There are some very simple pasta dishes, some more complicated dinner-party recipes such as avocado mousse, tomato jelly and prawns, but I loved some of his simpler vegetable dishes, like roast cauliflower with olives and sage leaves, and his combination of broccoli, cauliflower, courgettes, raisins, pinenuts, radishes with pomegranate molasses and mint.

The index, unfortunately, is not particularly helpful - I could not find either of the above two recipes under "cauliflower" - which limits the book's usefulness when you are looking for inspiration for particular ingredients.


Annabel Langbein is big at the moment: her television series and cookbooks are hugely popular in many countries.

While international fame might be relatively recent, her food philosophy over many years of food writing has always been to help busy people cook, and share, good, simple food made with fresh ingredients and without too much fuss.

Her new book, published to coincide with her new television series, Annabel Langbein The Free Range Cook: Simple Pleasures (Annabel Langbein), continues with this theme and, like her two previous books, Free Range Cook and Free Range in the City, is lavishly illustrated with photographs of her in her garden at Wanaka and elsewhere in the South, enjoying food and wine with friends, and, of course, of seductive food.

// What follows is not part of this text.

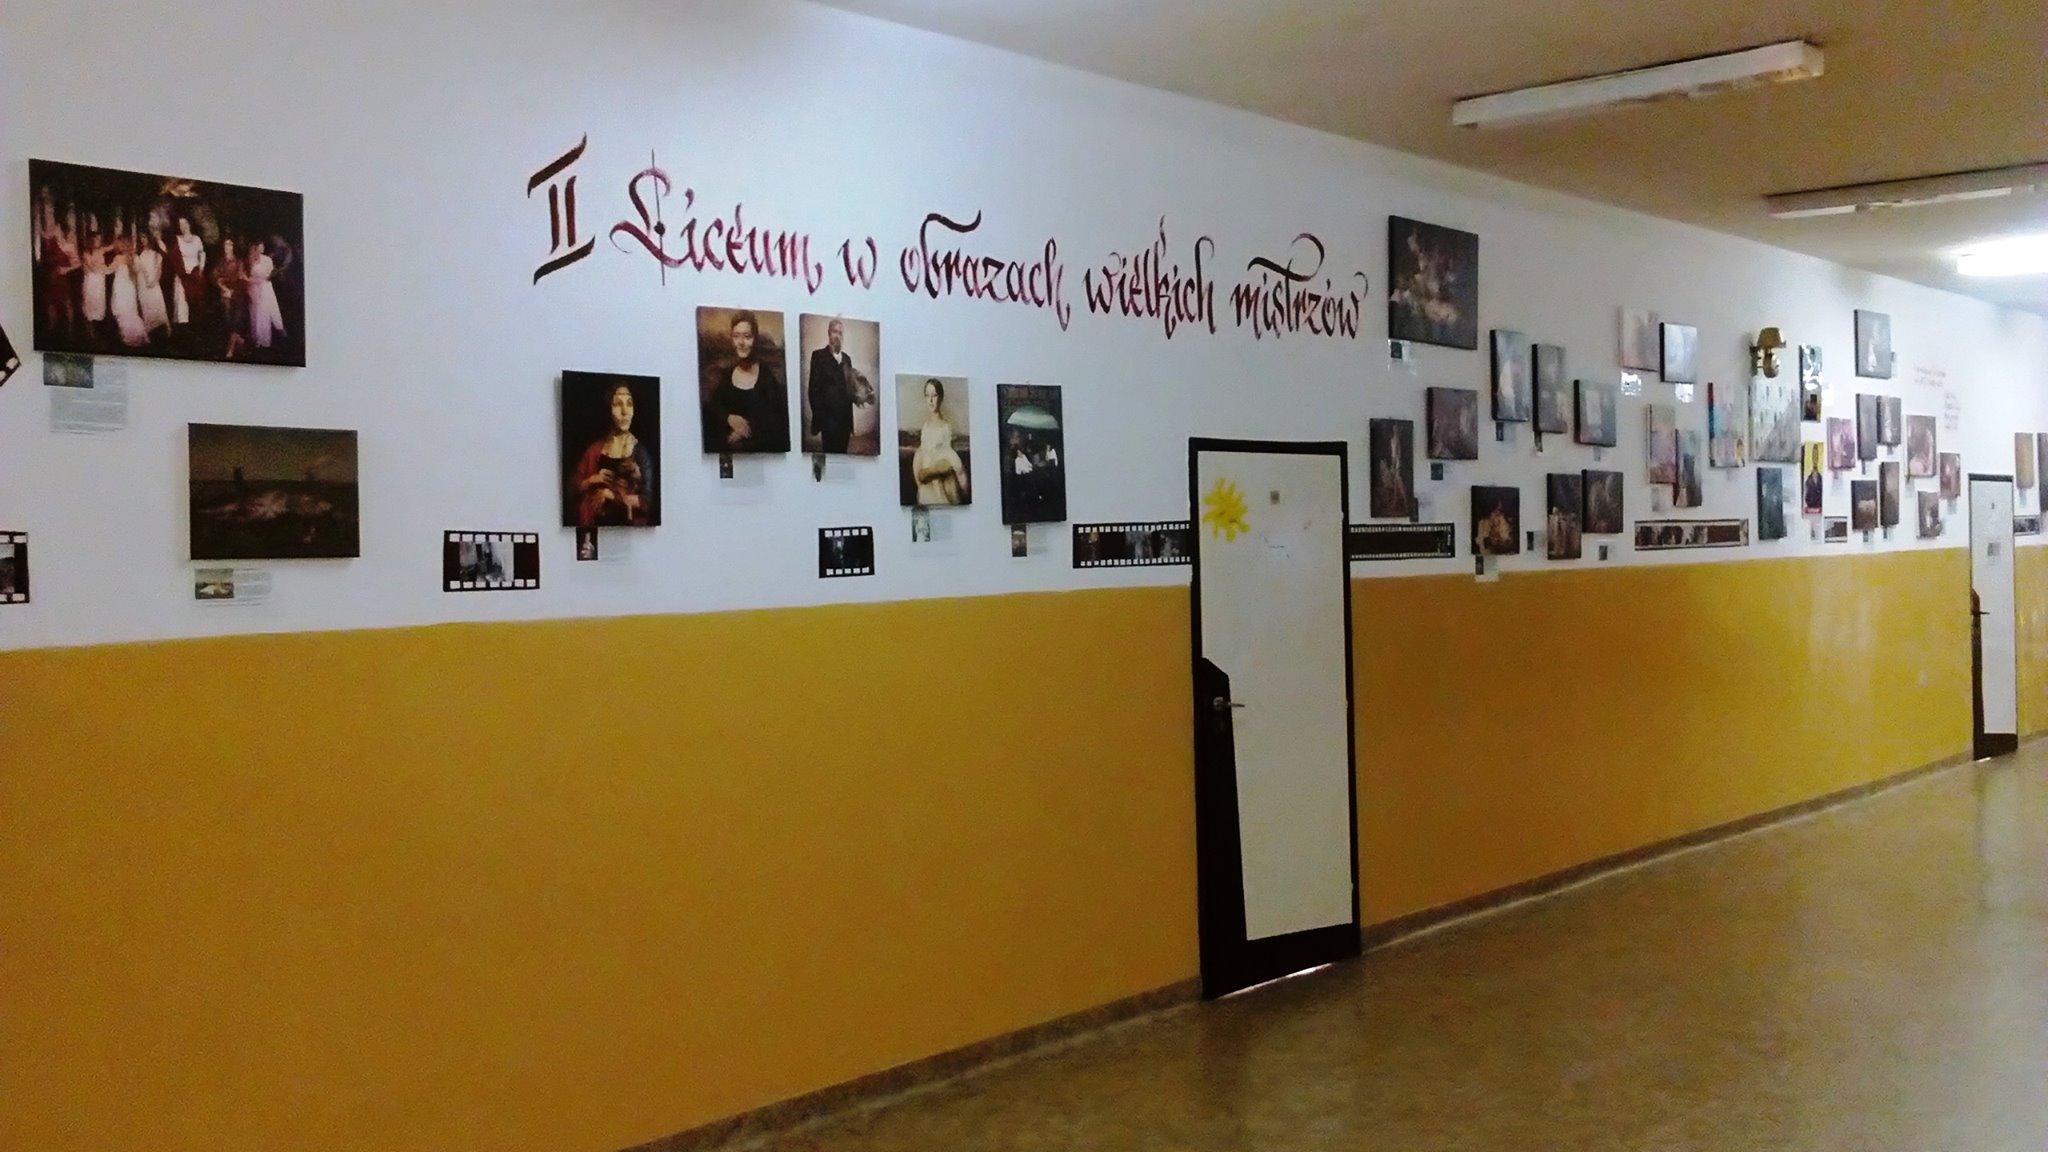 II LICEUM W OBRAZACH WIELKICH MISTRZÓW-stała galeria na korytarzu II LO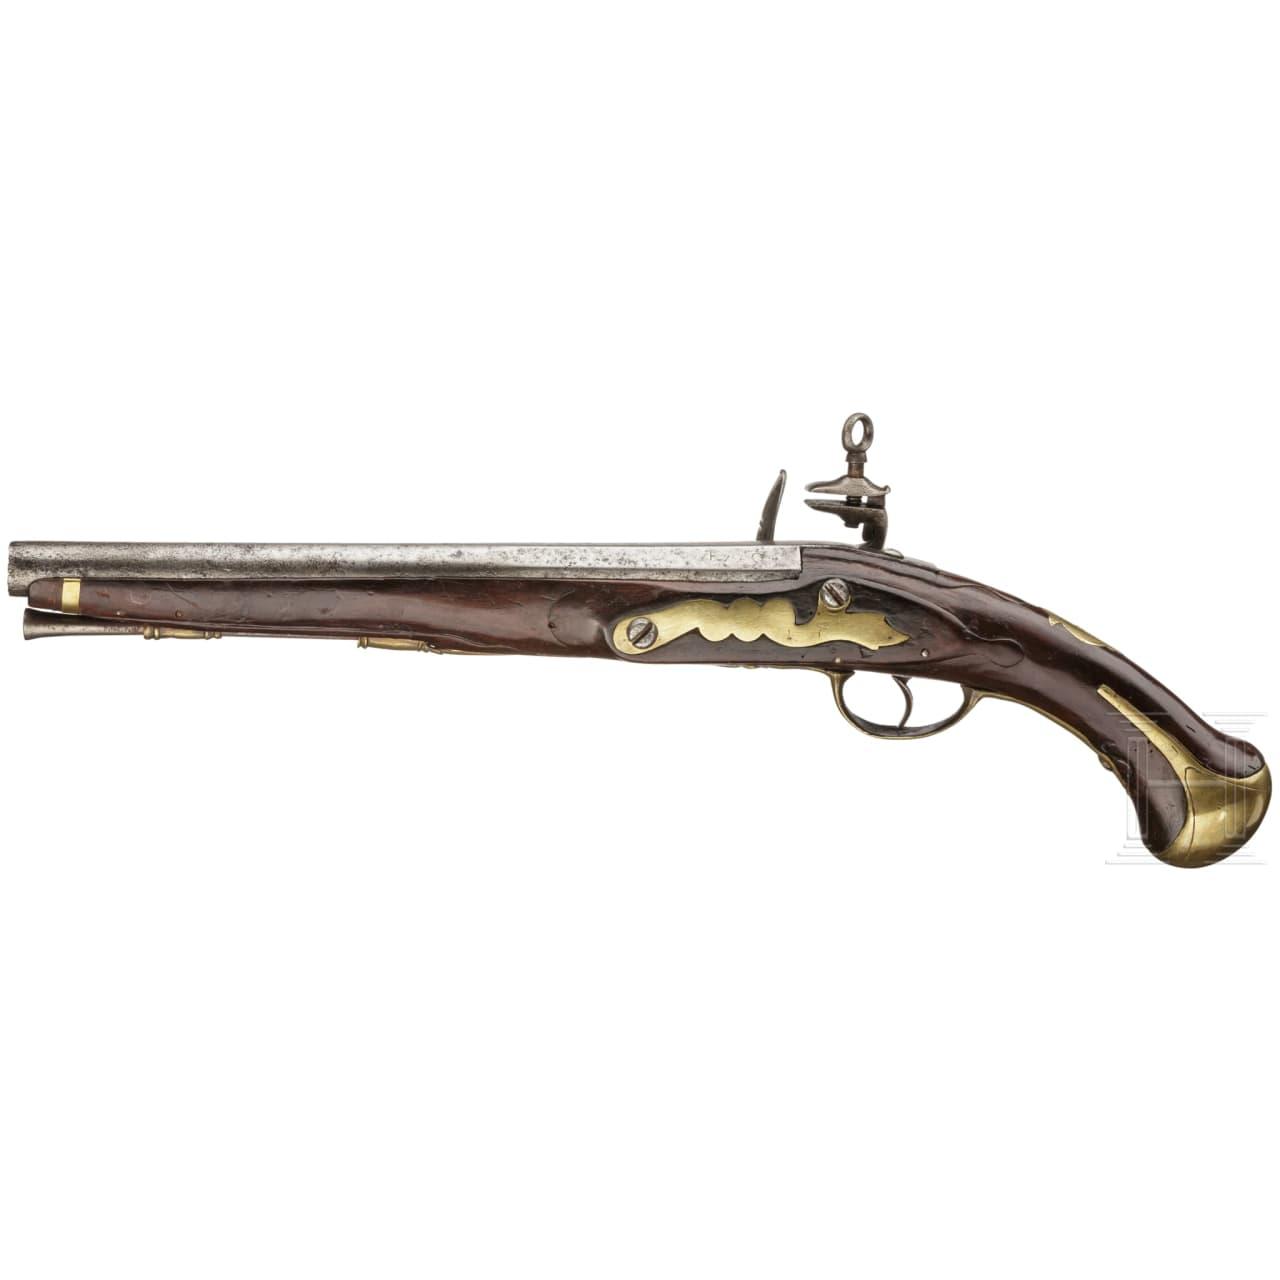 Kavallerie-Steinschlosspistole Mod. 1753, Fertigung 1782

Her food is fresh, modern and stylish, and covers the gamut from breads to cakes, from soups to preserves and, of course, lots of vegetables and salads. Chicken salad with nutty orange dressing, Mexican pulled pork, silverbeet gratin and ginger biscotti are some I plan to try.

Besides recipes and lovely photographs, there's lots of help in the book - menu suggestions and even some QR codes that link directly to videos on her website, www.annabel-langbein.com. It's a feel-good cookbook, with an underlying message about not losing sight of where our food comes from in an industrialised world. It's an enticement back to the land for city-dwellers with holiday houses in the country - like Langbein herself, who lives in Auckland where she also has a large vegetable garden - or those who wish they had. But nonetheless, she has a worthwhile message and great recipes. Her many fans won't be disappointed.


Another domestic goddess with an international following, British cook Nigella Lawson, has a new book out, Nigellissima: Instant Italian Inspiration (Chatto and Windus).

Although she had planned to write a book of authentic Italian recipes, she says in the introduction, she realised the dream of a glorified peasant past with mamma and nonna cooking and the family eating together around a kitchen table was an illusion - peasants often didn't have kitchens let alone tables, and sometimes not even food! The recipes in this book are inspired by Italian ways of cooking and the realisation that culinary traditions change with new ingredients and influences. After all, tomatoes were only introduced to Italy from the Americas in the 16th century.

There are lots of pasta recipes, some simple, homely ones like white beans with rosemary, or golden lentils with leek, lots of vegetable and meat dishes, a plethora of rich desserts and a whole section entitled "An Italian inspired Christmas" which includes nibbles such as crostini, savoury baking and dips, pork belly with chilli and fennel seeds, stuffed turkey, a wonderfully red "Renaissance salad" with different types of radicchio and pomegranate seeds, and baking - but no panforte. Perhaps that's already in one of her other books. Her fans will want this lavishly illustrated book. I'm not sure I like the shiny paper it's printed on or the capitalised ingredient lists, but her recipes and comments are always enticing.